As Bernard Taylor, former superintendent of the EBR school system, left the building, he posted an open letter to the community painting a picture of all that he has accomplished during his tenure.

If you are wondering about the accuracy or truth of his view, let me just share two lines and some grades—then you decide.

Taylor said, “The community is very supportive of the East Baton Rouge Parish School System.” Really?

And then he said, “The East Baton Rouge Parish School System is poised to achieve its strategic plan goal of becoming one of the state’s premier districts.”

For the record, in the state’s last report card, five of the top 10 districts are in the Baton Rouge metropolitan area and all have A grades (Zachary was tops with a score of 114.4), but that doesn’t include the EBR system. While the EBR schools improved slightly from 80.3 to 81.3, the system’s ranking dropped from 41 to 43 out of Louisiana’s 72 districts.


The BREC commission recently raised your taxes without you voting. Shame on them. But, hey, they have a vision for a new zoo that consultants say will cost $110 million, and they certainly will need your money.

A great zoo can be an asset to a community, and the idea has been discussed for years. BREC Superintendent Carolyn McKnight told 225 magazine recently, “It is time to move the zoo in a new direction.”

OK, Ms. McKnight … if that direction is south. Let’s be honest: Any realtor, developer or retailer will tell you, in business, success can depend on “location, location, location.” The current zoo is in the wrong location. (Who chose that location, former Mayor Woody Dumas, who was from Baker, or former BREC Superintendent Gene Young? Was it free land or a deal?) The first, much smaller zoo was in City Park before it was moved north and expanded. Why would BREC invest $110 million there?
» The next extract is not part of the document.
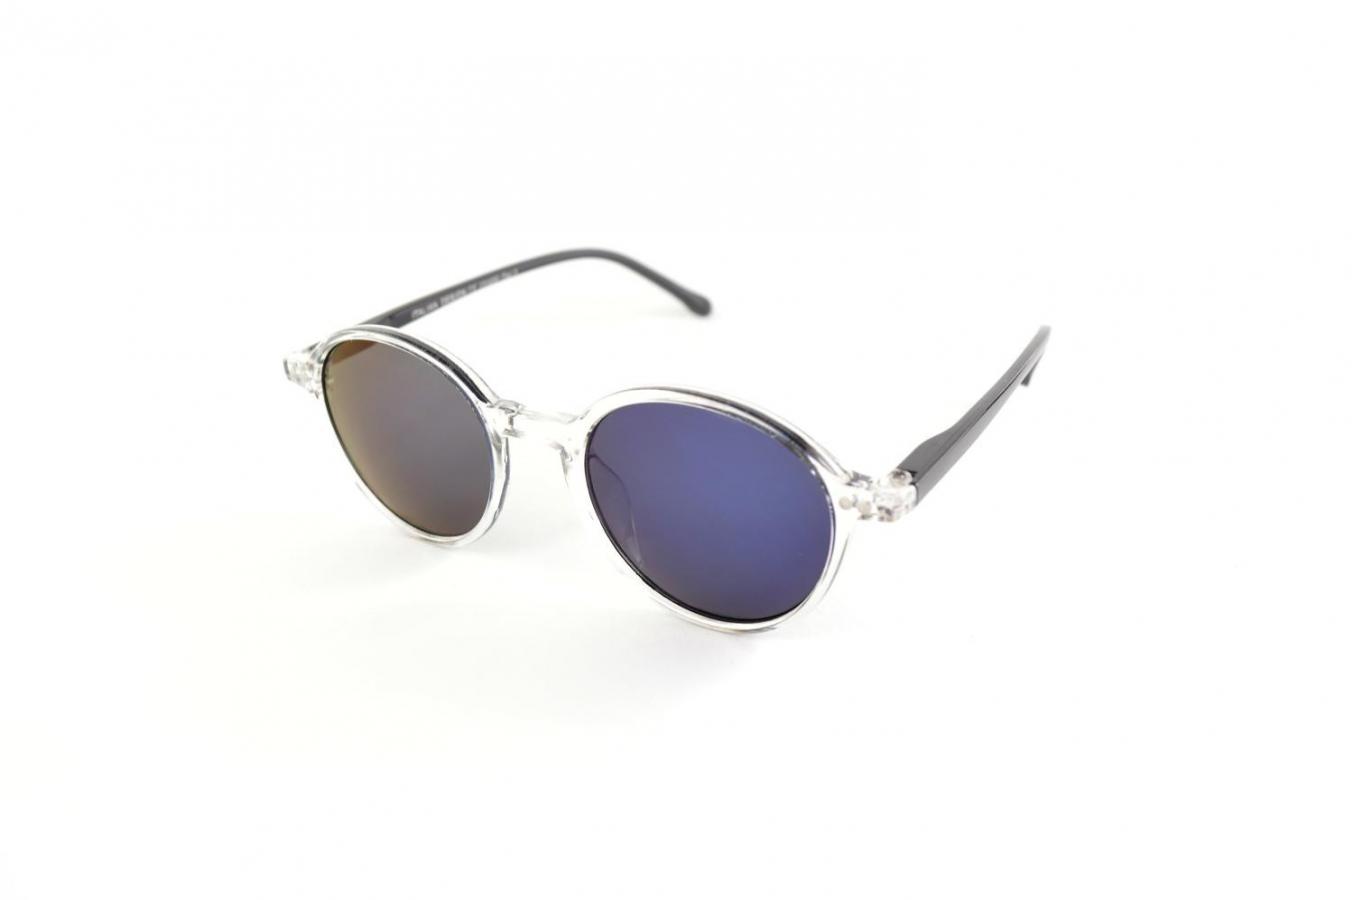 Lunettes de soleil ronde bicolore miroir k eyes - Miroir en forme de lunette ...

Where is the best access to the most customers and growth and tourists?

The study on the zoo done by Schultz & Williams said, “The main concern of interviewees was about the competition for funding in light of many critical needs in Baton Rouge such as education and health care.” You could add to that list of projects seeking donors universities, the lakes project, the Knock, Knock Children’s Museum, numerous charities and more. And some wouldn’t invest because of the location. This vision needs more reality and less politics.


Conservatism seems to get a bad rap these days as bad for business and new jobs. But I noticed something recently that might confound the critics. What do you think?

In the recent listing by Chief Executive Magazine of the “Best and Worst States for Business,” a majority of the top 10 and “best” would be described as conservative states—with Texas as No. 1. (You would have to agree Texas is very conservative.) These rankings are from a survey taken by hundreds of CEOs across America. But I also noticed that the bottom states on the list are America’s most liberal states. The bottom six included: Connecticut (No. 45), Massachusetts (46), New Jersey (47), Illinois (48), New York (49) and California, maybe the most liberal, at No. 50.